*Assignment:* Would you repeat the listing below verbatim and drop the images?

*Dataset content:*

= = = =

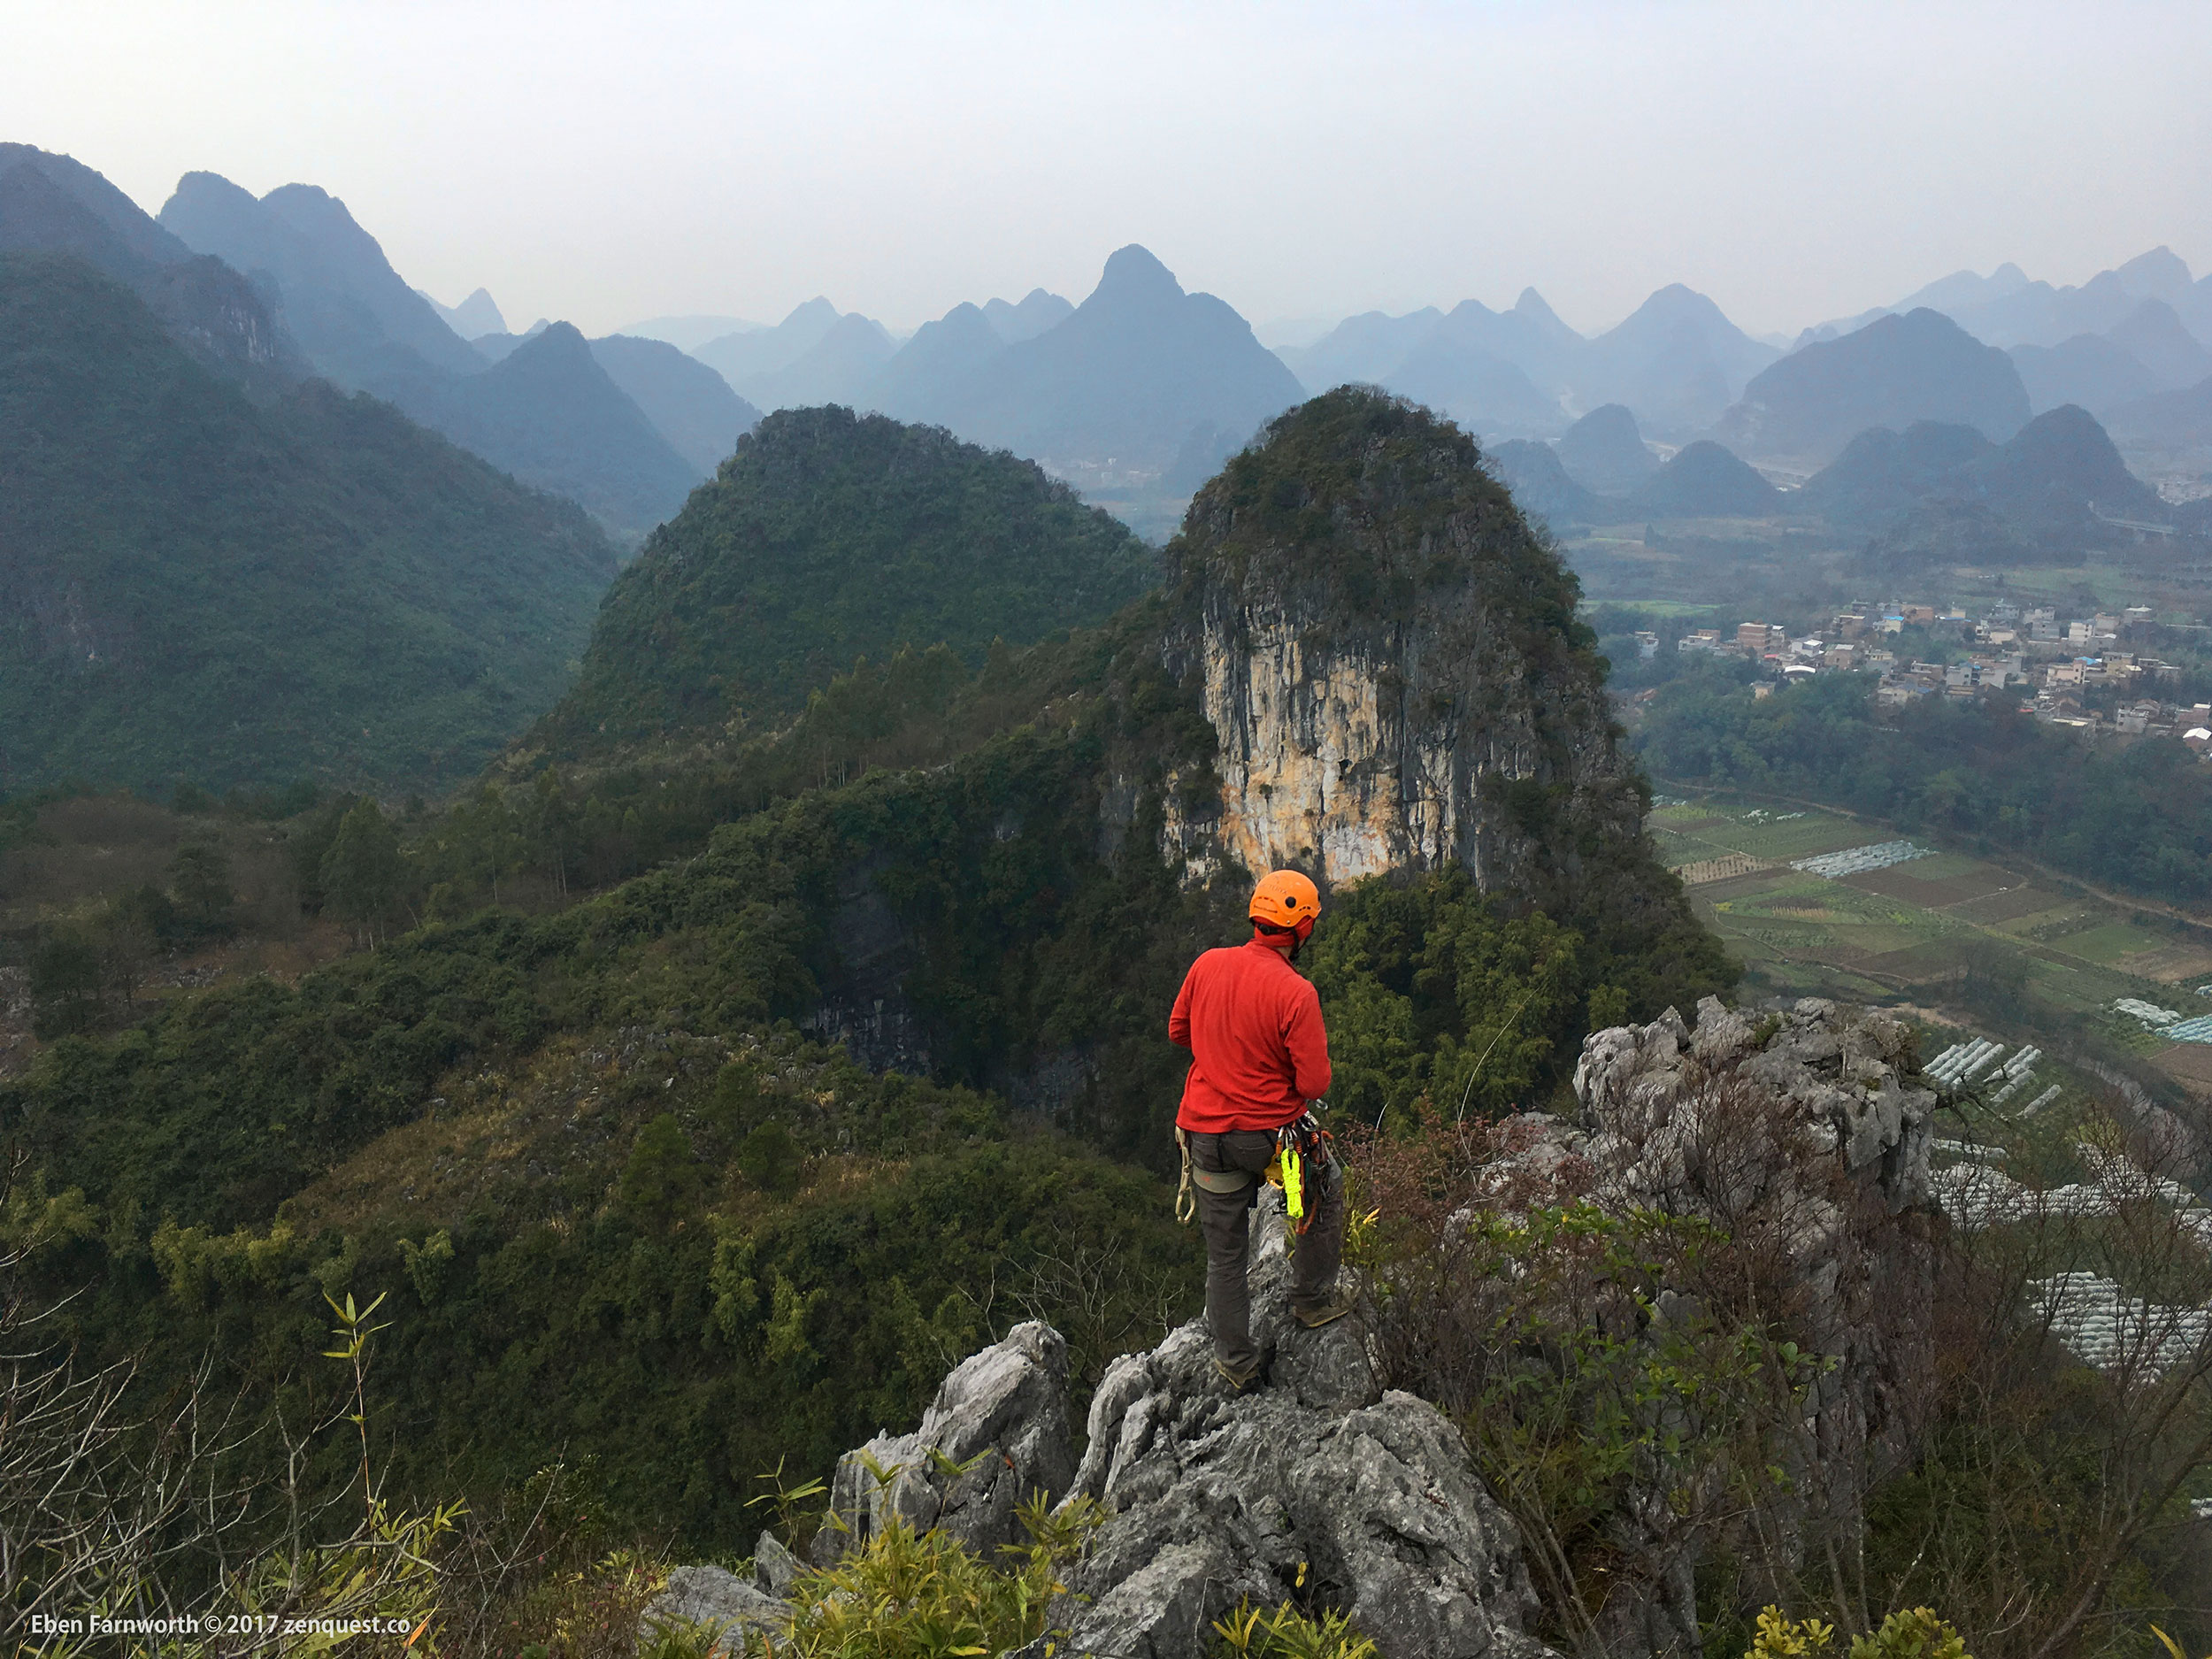 Looking out at the rolling karst landscape of Guangxi China from on top of the mountain.
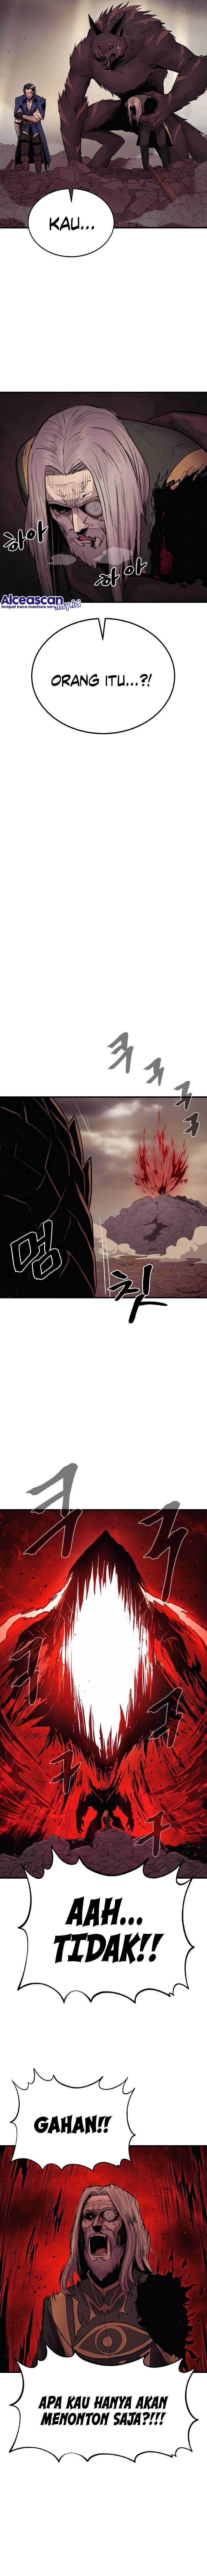 Howling dragon Chapter 30
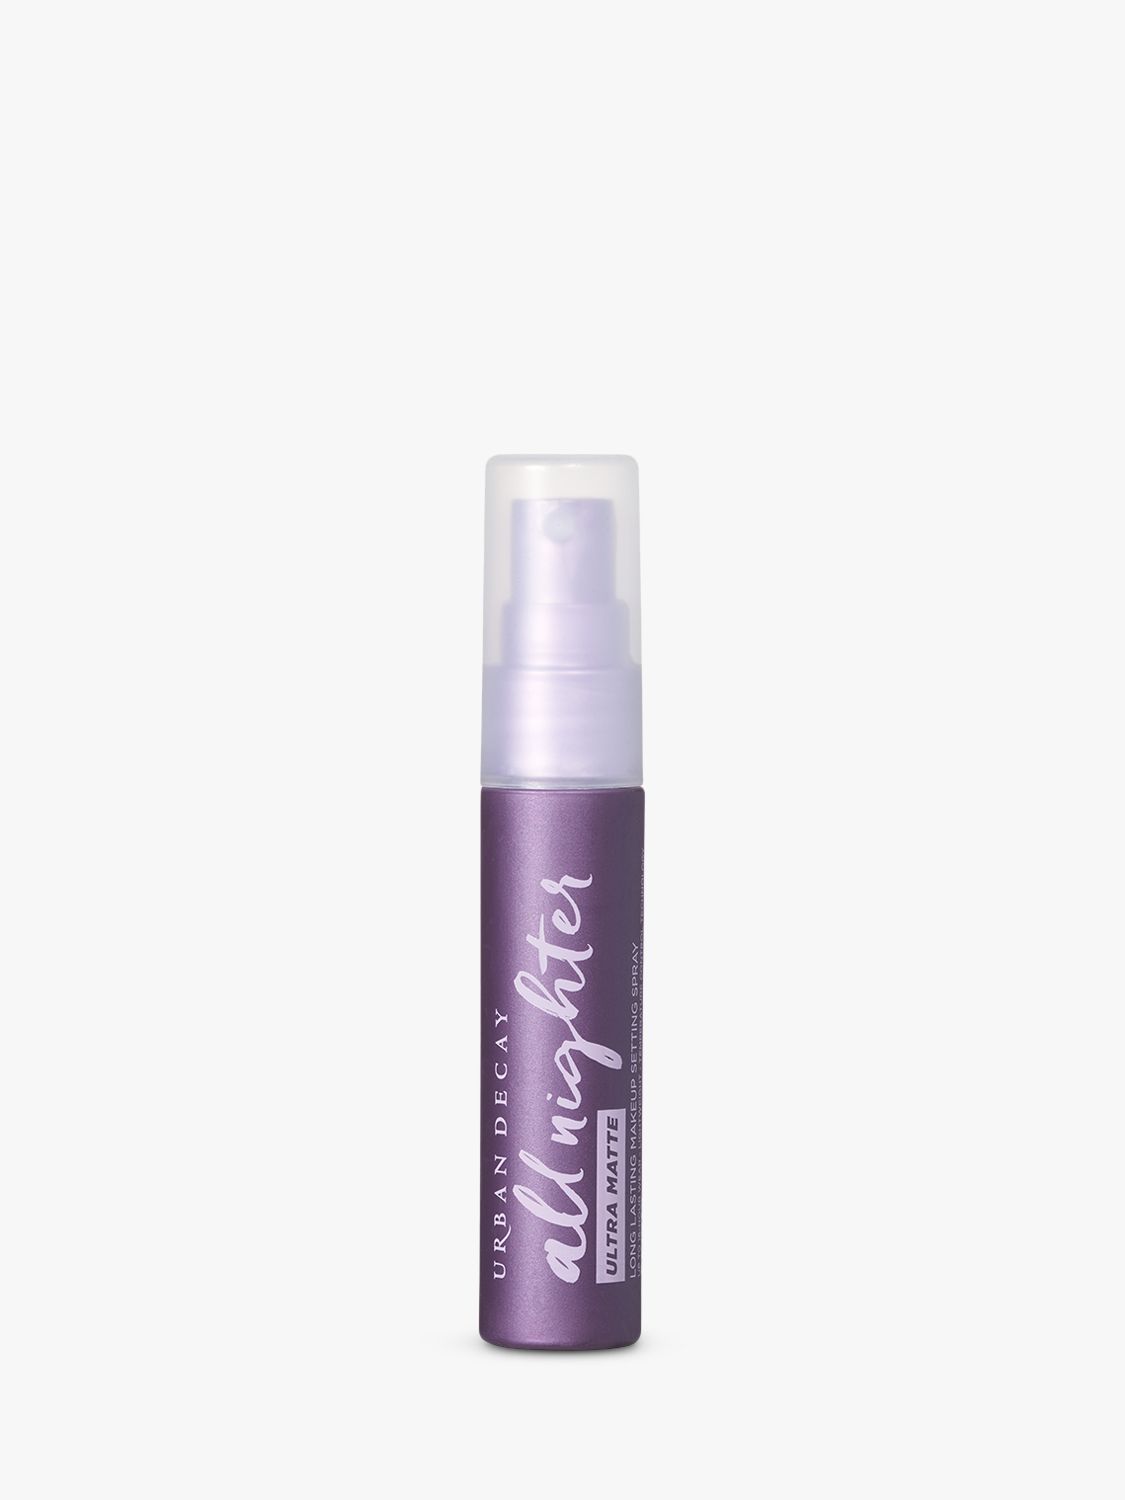 urban decay travel size all nighter ultra matte setting spray

= = = =

*Response below:*
 Looking out at the rolling karst landscape of Guangxi China from on top of the mountain.
 Howling dragon Chapter 30
 urban decay travel size all nighter ultra matte setting spray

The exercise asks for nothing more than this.